1982

Image Registration using Averaging VoxelMorph with CNN Edge Detector
Xuan Lei1, Philip Schniter1, Chong Chen1, Yingmin Liu1, and Rizwan Ahmad1
1The Ohio State University, Columbus, OH, United States

Synopsis

Keywords: Analysis/Processing, Motion Correction, MOCO, VoxelMorph

Motivation: Image registration followed by averaging is a common technique to improve the quality of free-breathing single-shot cardiac images. However, registering images becomes challenging when the SNR is low.

Goal(s): Improve image registration for free-breathing cardiac MRI.

Approach: We train a network, called AvgMorph, to register all source images to one target image. In addition, we use the output of a sophisticated deep learning-based edge detector to compute loss.

Results: We validate AvgMorph using a realistic MRXCAT digital phantom for late gadolinium enhancement. AvgMorph outperforms existing methods in terms of NMSE, SSIM, and perceptual quality metrics.

Impact: Pairwise registration of free-breathing images is suboptimal. We propose a network to register all source images to a single target image and utilize a loss function computed to edge maps rather than the images themselves.

Introduction

Free-breathing single-shot (FBSS) imaging is gaining popularity for cardiovascular MRI (CMR) because of its high acquisition efficiency and patient comfort. Common CMR examples of FBSS include first-pass perfusion, late gadolinium enhancement (LGE), and parametric mapping. Typically, FBSS images need to be registered for averaging or further processing. Existing methods often rely on pairwise registration, where each noisy source image is separately registered to the noisy target image. These methods either use a variational nonrigid image registration (NRIR) framework [1] or deep learning (DL)-based VoxelMorph [2] with normalized cross-correlation (NCC) loss [3]. However, this pairwise processing is suboptimal, especially when the signal-to-noise ratio (SNR) is low. We present a method, called AvgMorph, that jointly registers all noisy source images to a single noisy target image. In addition, for training AvgMorph, we compute the loss function on the output of a DL-based edge detector [4]. Our preliminary results show that AvgMorph outperforms NRIR and VoxelMorph. These results also show that AvgMorph can be applied to unseen images without further training.

Methods

We aim to register n source images to one target image using AvgMorph. The network architecture for AvgMorph is shown in Figure 1. First, we train a single VoxelMorph network using NCC loss. Second, using the trained VoxelMorph network as a warm start, we train n weight-tied VoxelMorph networks.

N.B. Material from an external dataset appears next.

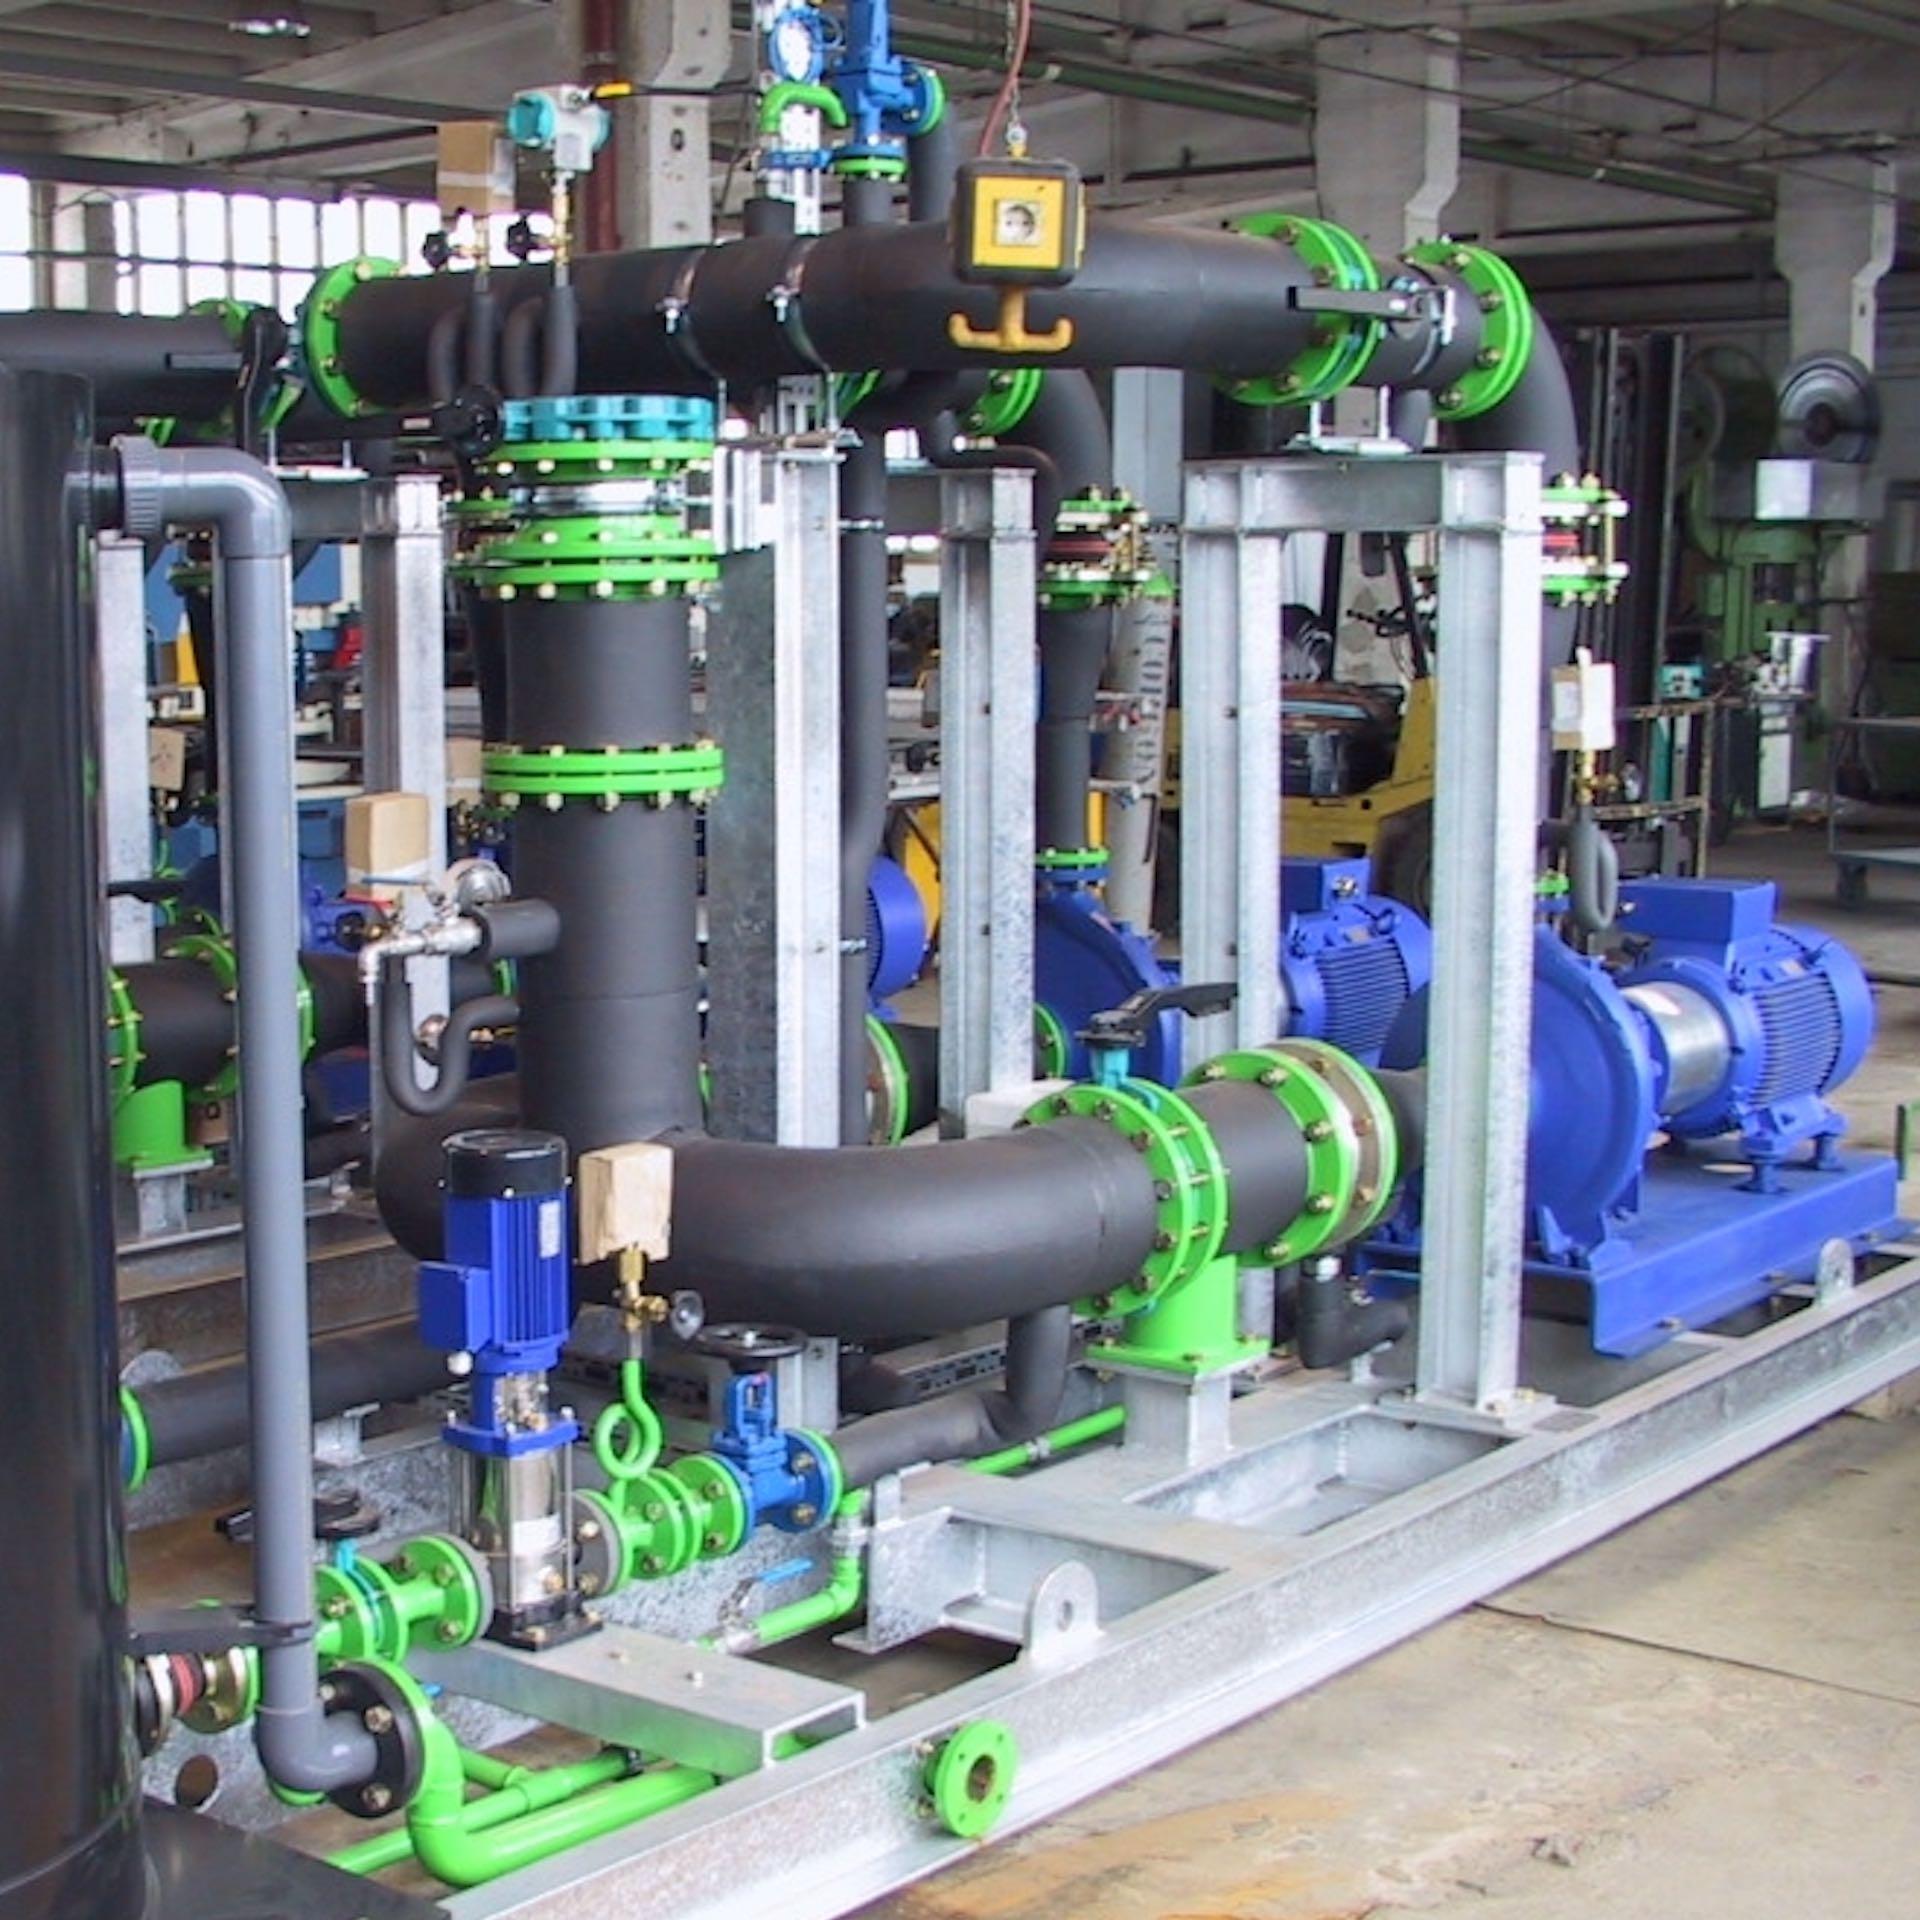 GWA_cooling_systems_technology_part_plant_pump_group_Gesellschaft_fuer_Waerme_und_Anlagentechnik_mbH

In this step, we pass the averaged output of n VoxelMorph networks as well the target image through the lightweight dense CNN (LDC), which is a recently proposed DL-based edge detector. The loss function is based on the L1-norm of the absolute pixelwise difference between the two LDC edge maps. To generate edge maps, we use the output of the first block in the LDC network. The training is performed in PyTorch using Adam optimizer with 20,000 epochs on NVIDIA RTX3090 GPU.To train AvgMorph, we used data from the MRXCAT phantom [5]. We simulated 64 unique short-axis slices from 8 digital patients. The parameters defining tissue contrast, e.g., T1, proton density, inversion time, and contrast concentration were selected to match routine LGE scans. To simulate free-breathing imaging, a unique breathing pattern was used for each slice, and 15 (n=14 source, 1 target) free-breathing images were collected per slice. The SNR of the source and target images was randomly varied between 8 dB to 14 dB during each epoch. Once trained, AvgMorph was tested on 32 slices from 4 digital patients, each at 1 dB, 6 dB, and 11 dB SNR. Although the training data did not have a scar, we adjusted the parameter file in MRXCAT to include myocardial scars of varying sizes and shapes in all test slices. For evaluation, AvgMorph was compared to NRIR [6] and VoxelMorph in terms of NMSE (in dB), SSIM, LPIPS, and DISTS [7].

Results

The results are summarized in Figure 2. Across all three testing SNRs (1 dB, 6 dB, and 11 dB), AvgMorph outperforms NRIR and VoxelMorph for all performance metrics. As expected, the performances of all three methods degrade with a decrease in SNR. The improvement of AvgMorph over other methods is more pronounced at low SNR. Figures 3, 4, and 5 show representative images at three different testing SNRs along with the error maps. Although the training images did not have a scar, AvgMorph was successful in registering and denoising the scar area in the test images. The computation time for NRIR was 2 minutes per slice, while the computation time for VoxelMorph and AvgMorph was between 1 to 2 seconds at the inference stage.

Discussion

Image registration is often used to improve the quality of FBSS images. Inaccurate registration can lead to image blurring and motion artifacts. Existing image registration methods perform pairwise processing and thus do not fully utilize the joint redundancy in all source images. We propose an extension of VoxelMorph, called AvgMorph. In AvgMorph, all source images are jointly registered and averaged to match one target image. Compared to mean squared error or NCC loss, LDC attempts to align the images based on the edge information. As a result, AvgMorph is more robust to noise and potentially to changes in the image contrast. Our results show that AvgMorph with LDC-based loss outperforms other methods.

Conclusion

We have proposed and validated a new image registration method that can outperform commonly used registration methods. After the training phase, AvgMorph offers fast computation and performs well for unseen pathologies. Our ongoing efforts are focused on applying AvgMorph to LGE data from human subjects, and our future efforts will include integrating AvgMorph into a reconstruction method.

Acknowledgements

This research was supported by NIH/NIBIB grant R01EB029957.

References

[1] M. Droske and M. Rumpf, “A variational approach to nonrigid morphological image registration,” SIAM J Appl Math, vol. 64, no. 2, 2004, doi: 10.1137/S0036139902419528.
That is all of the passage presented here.